CLINICAL TRIAL UPDATES
🔹 On Nov. 12, Syros Pharmaceuticals announced that its phase 3 SELECT-MDS-1 trial, testing tamibarotene with azacitidine for myelodysplastic syndrome patients with RARA gene overexpression, did not meet its primary endpoint. The complete response rate in the treatment group was 23.8% compared to 18.8% in the control group, but the difference was not statistically significant. Due to this outcome, Syros will discontinue the study, review the data, and determine next steps. This failure also triggers a default under its loan with Oxford Finance LLC.
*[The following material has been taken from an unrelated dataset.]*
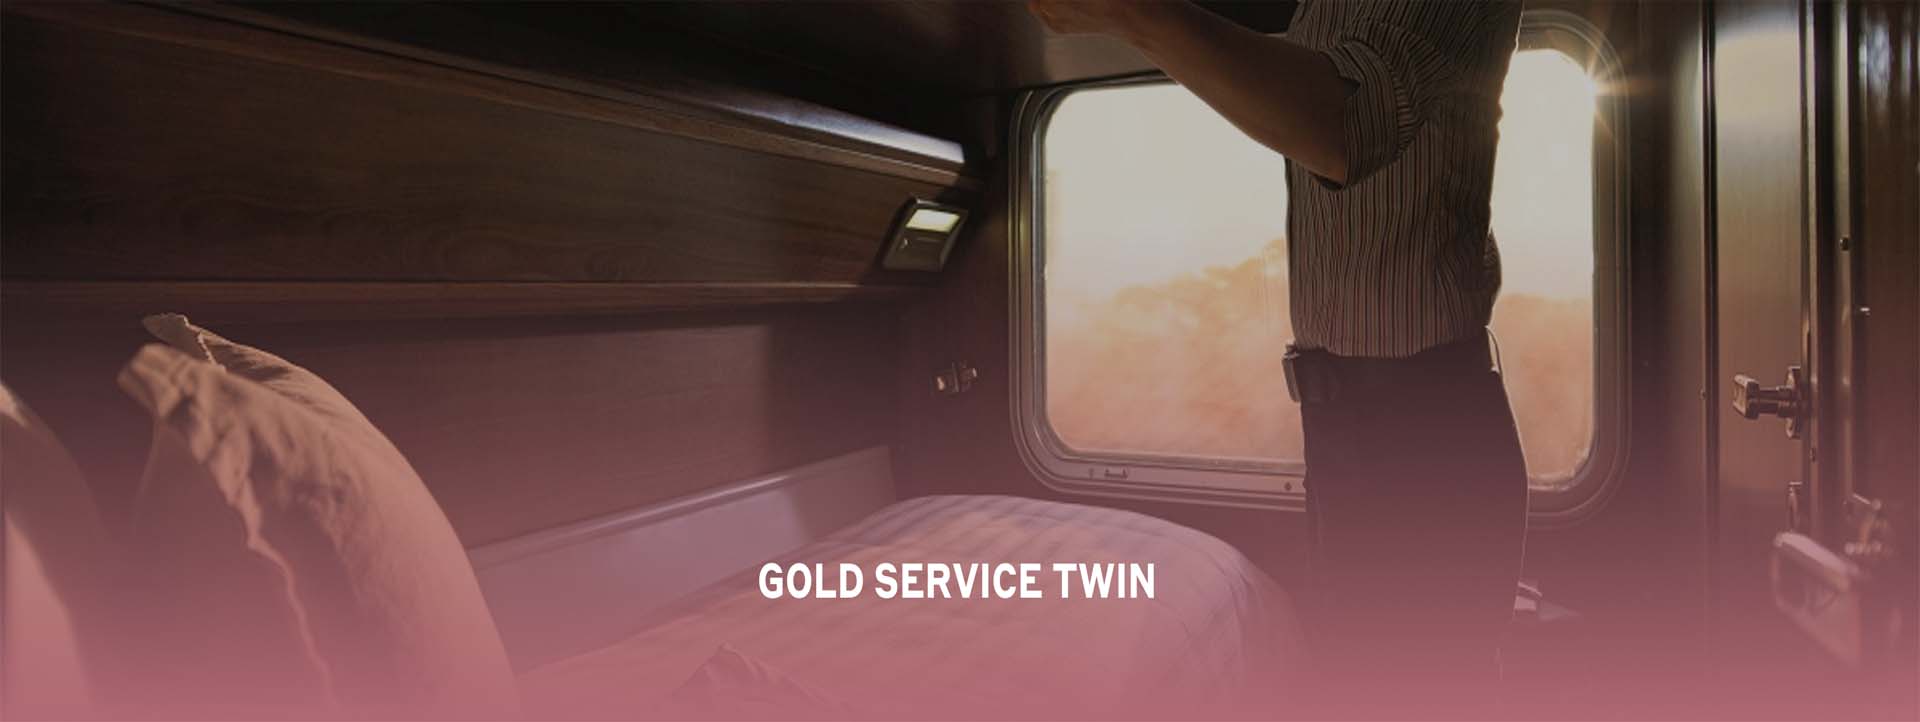 GOLD SERVICE TWIN CABIN SERVICES slider

🔹 On Nov. 11, Citius Pharmaceuticals and Citius Oncology announced promising preliminary results from an ongoing phase 1 clinical trial investigating the combination of Keytruda and Lymphir (denileukin diftitox-cxdl) in patients with recurrent solid tumors, particularly gynecological cancers like ovarian, endometrial, and cervical cancer. The trial, which is nearing completion with only three patients left to enroll, showed a 27% objective response rate and a 33% clinical benefit rate. The median progression-free survival for those who achieved clinical benefit was 57 weeks. The chemotherapy-free regimen was well-tolerated, with no serious immune-related adverse events reported. The combination therapy showed promise, especially in patients who had previously failed anti-PD-1 therapy. The phase 1 trial will continue to explore the impact of this combination across a broader range of solid tumor types, with plans to expand research in a phase 2 study.
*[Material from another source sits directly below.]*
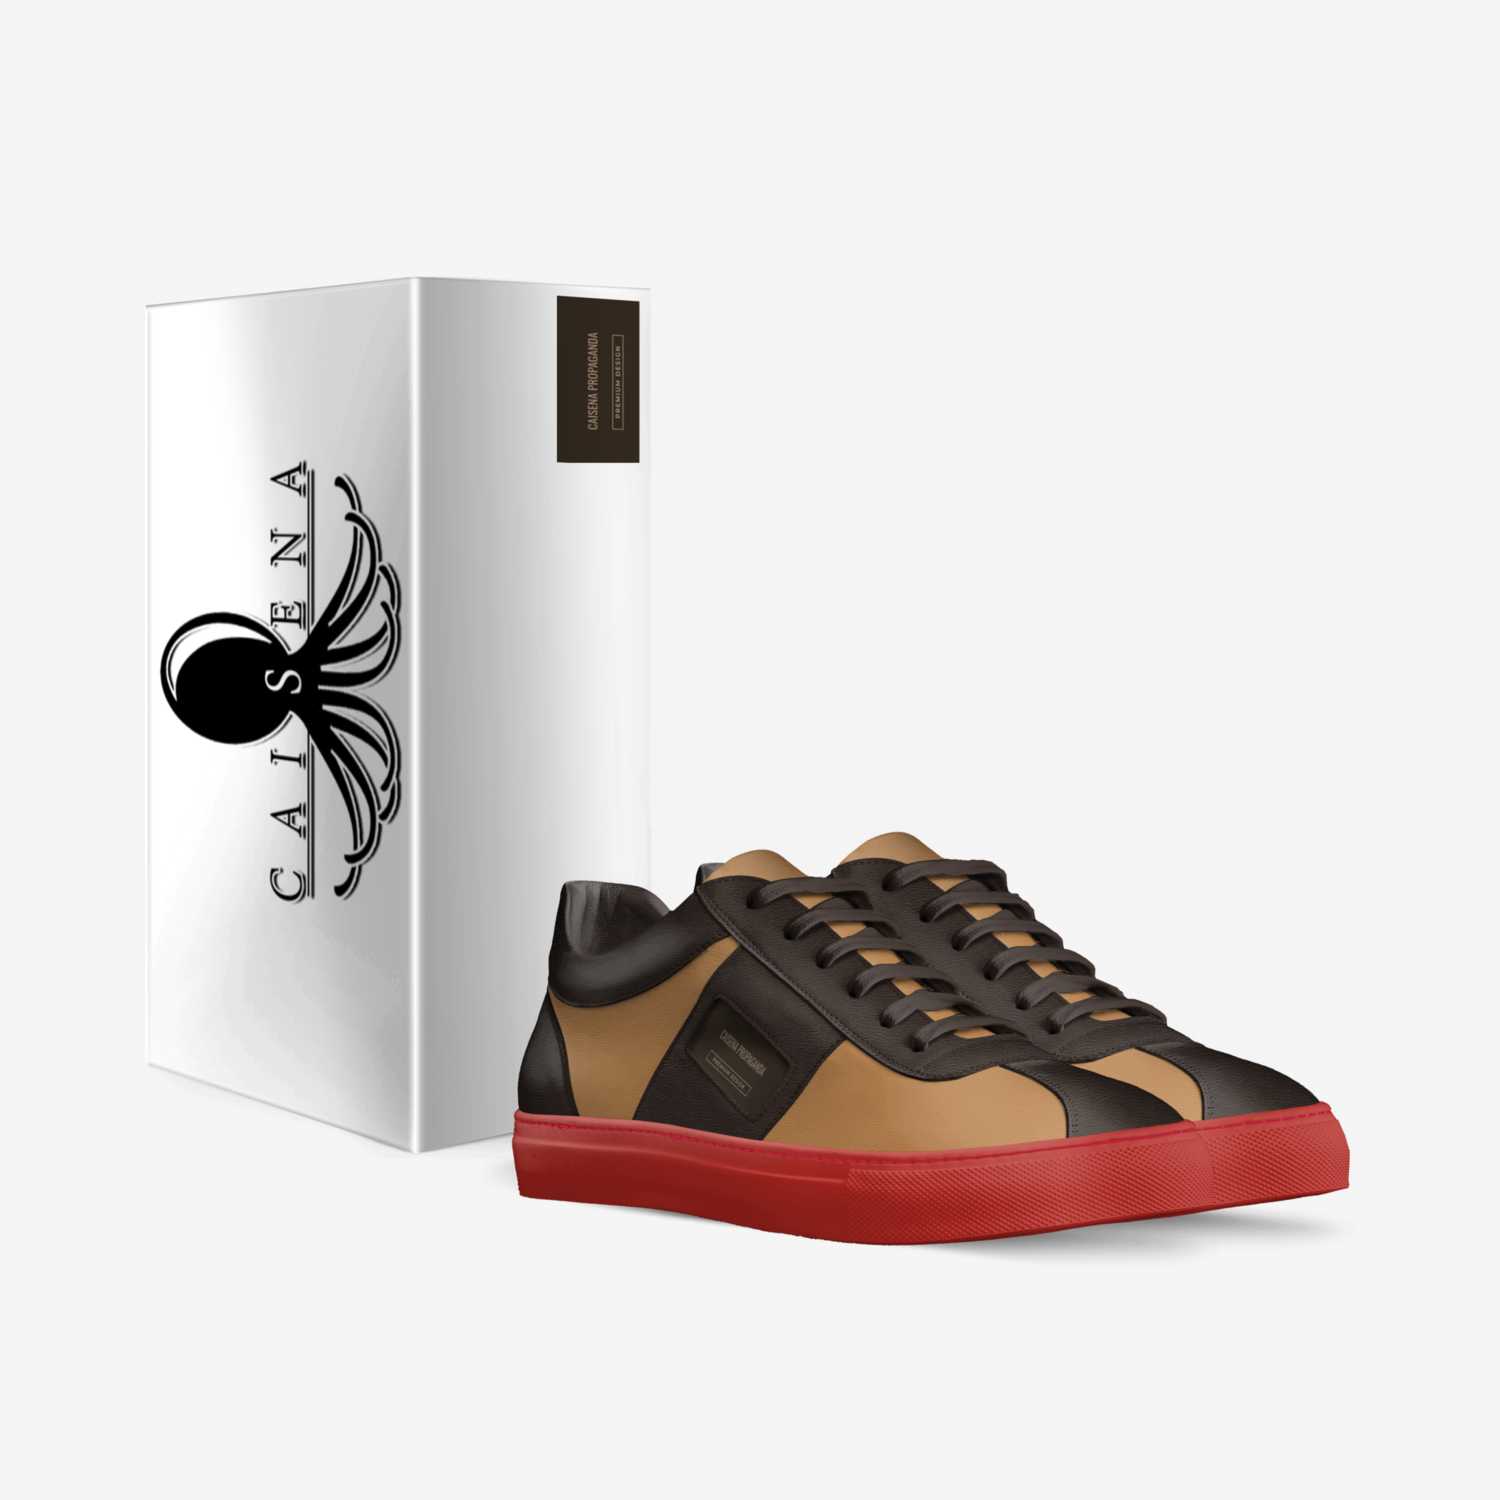 Caisena Propaganda custom made in Italy shoes by Daniel Trice | Box view

🔹 On Nov. 9, Ultragenyx Pharmaceutical presented phase 1/2 data for GTX-102, an investigational antisense oligonucleotide, at the 2024 Foundation for Angelman Syndrome Therapeutics (FAST) Global Science Summit. The data demonstrated improvements in cognition and other domains in pediatric patients with Angelman syndrome. The ongoing phase 3 Aspire study, which will enroll about 120 patients, is set to begin by the end of 2024, aiming to assess GTX-102’s efficacy, with a primary focus on cognition. Results from the phase 1/2 study show significant improvement in cognitive scores, suggesting the phase 3 study is well-powered to detect treatment effects. GTX-102 showed a favorable safety profile and has received multiple designations from the FDA and EMA.
🔹 On Nov. 8, Amgen and AstraZeneca reported that Tezspire (tezepelumab-ekko) successfully met both co-primary endpoints in treating chronic rhinosinusitis with nasal polyps in a recent phase 3 trial (WAYPOINT). The study showed that Tezspire significantly reduced nasal polyp size and congestion in patients compared to a placebo, marking a potential new treatment for this inflammatory condition, which often requires corticosteroids or surgery. TEZSPIRE is a monoclonal antibody targeting TSLP, a cytokine involved in airway inflammation, and is already approved for severe asthma. The collaboration between the companies splits costs and revenues, with Amgen handling manufacturing and both sharing commercialization duties in North America.